Besides Nvidia, Groq is competing with Amazon, Google and Microsoft, all of which offer or soon will offer custom chips for AI workloads in the cloud. Amazon offers its Trainium, Inferentia and Graviton processors available through AWS. Google Cloud customers can use the aforementioned TPUs and, in the future, Google’s Axion chips. Microsoft recently released preview Azure instances of its Cobalt 100 CPUs, with Maia 100 AI Accelerator instances expected to arrive in the coming months.

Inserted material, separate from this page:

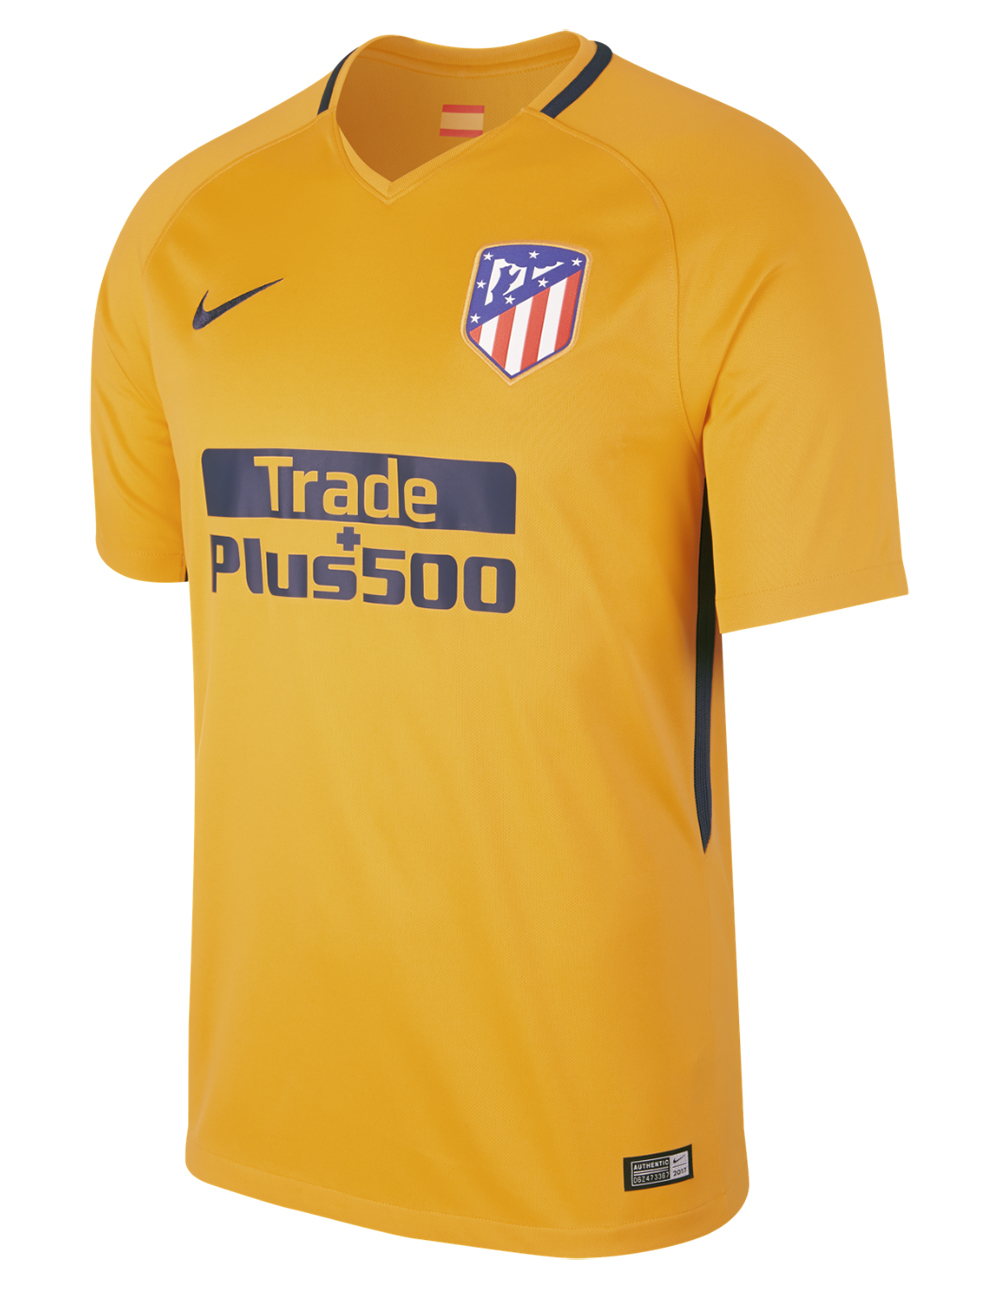 Camiseta alternativa Nike del Atlético Madrid 2017 18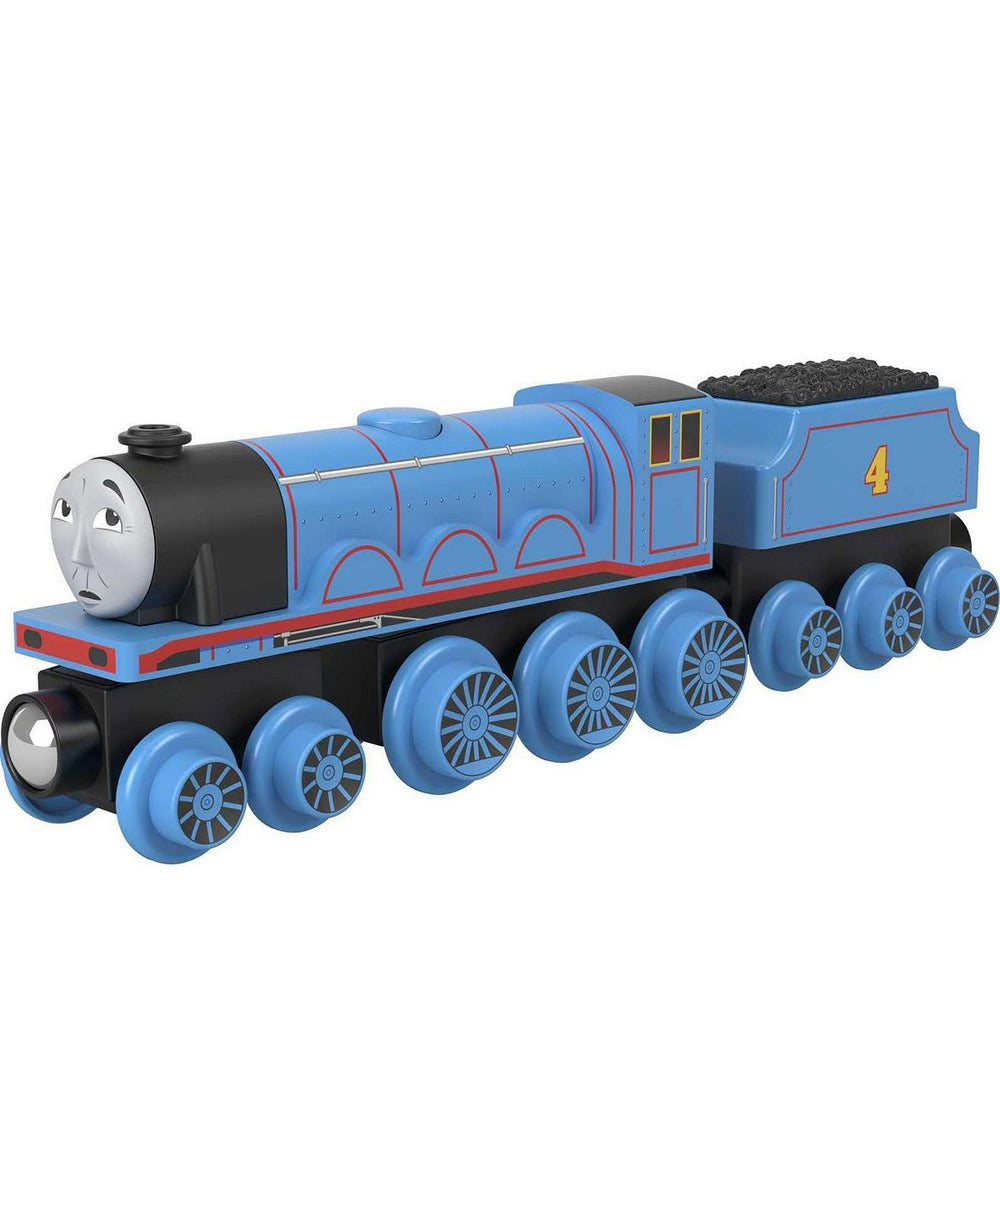 Fisher-Price Thomas & Friends Wooden Railway Gordon Engine with Coal-Car

Some analysts say the AI chip market could hit $400 billion in annual sales over the next five years. Groq may also be looking at rivals from Arm, Intel, AMD and a growing number of new startups. Arm and AMD in particular are seeing booming AI chip businesses thanks to capital spending surges from cloud vendors to meet the capacity demands of generative AI.
D-Matrix raised $110 million late last year to commercialize what it describes as a first-of-its-kind inference computing platform. In June, Etched emerged from stealth, spending $120 million on custom-built processors to speed up Transformer, the current mainstream AI generative model architecture. SoftBank’s Masayoshi Son is reportedly looking to raise $100 billion for a chip venture to rival Nvidia, and OpenAI is said to be in talks with investment firms to launch an AI chip manufacturing initiative.
Groq is investing heavily in corporate and government outreach to carve out a niche market.
In March, Groq acquired Palo Alto-based Definitive Intelligence, which offers a range of AI solutions for business, and created a new business unit called Groq Systems, whose responsibilities include serving U.S. government agencies, independent nations and other organizations that want to add Groq chips to existing data centers or build new ones with Groq processors.
More recently, Groq partnered with government IT contractor Carahsoft to sell its solutions to public sector customers through Carahsoft’s reseller partners, and the startup has a letter of intent to install tens of thousands of LPUs in European company Earth Wind & Power’s Norwegian data centers.
Groq is also working with Saudi Arabian consulting firm Aramco Digital to install LPUs in future data centers in the Middle East.
As it builds customer relationships, Mountain View, Calif.-based Groq is also working on its next-generation chips. Last August, the company announced it had signed a contract with Samsung’s foundry business to manufacture its 4nm LPUs, which are expected to deliver better performance and efficiency than Groq’s first-generation 13nm chips.
Groq said it plans to deploy more than 108,000 LPUs by the end of the first quarter of 2025.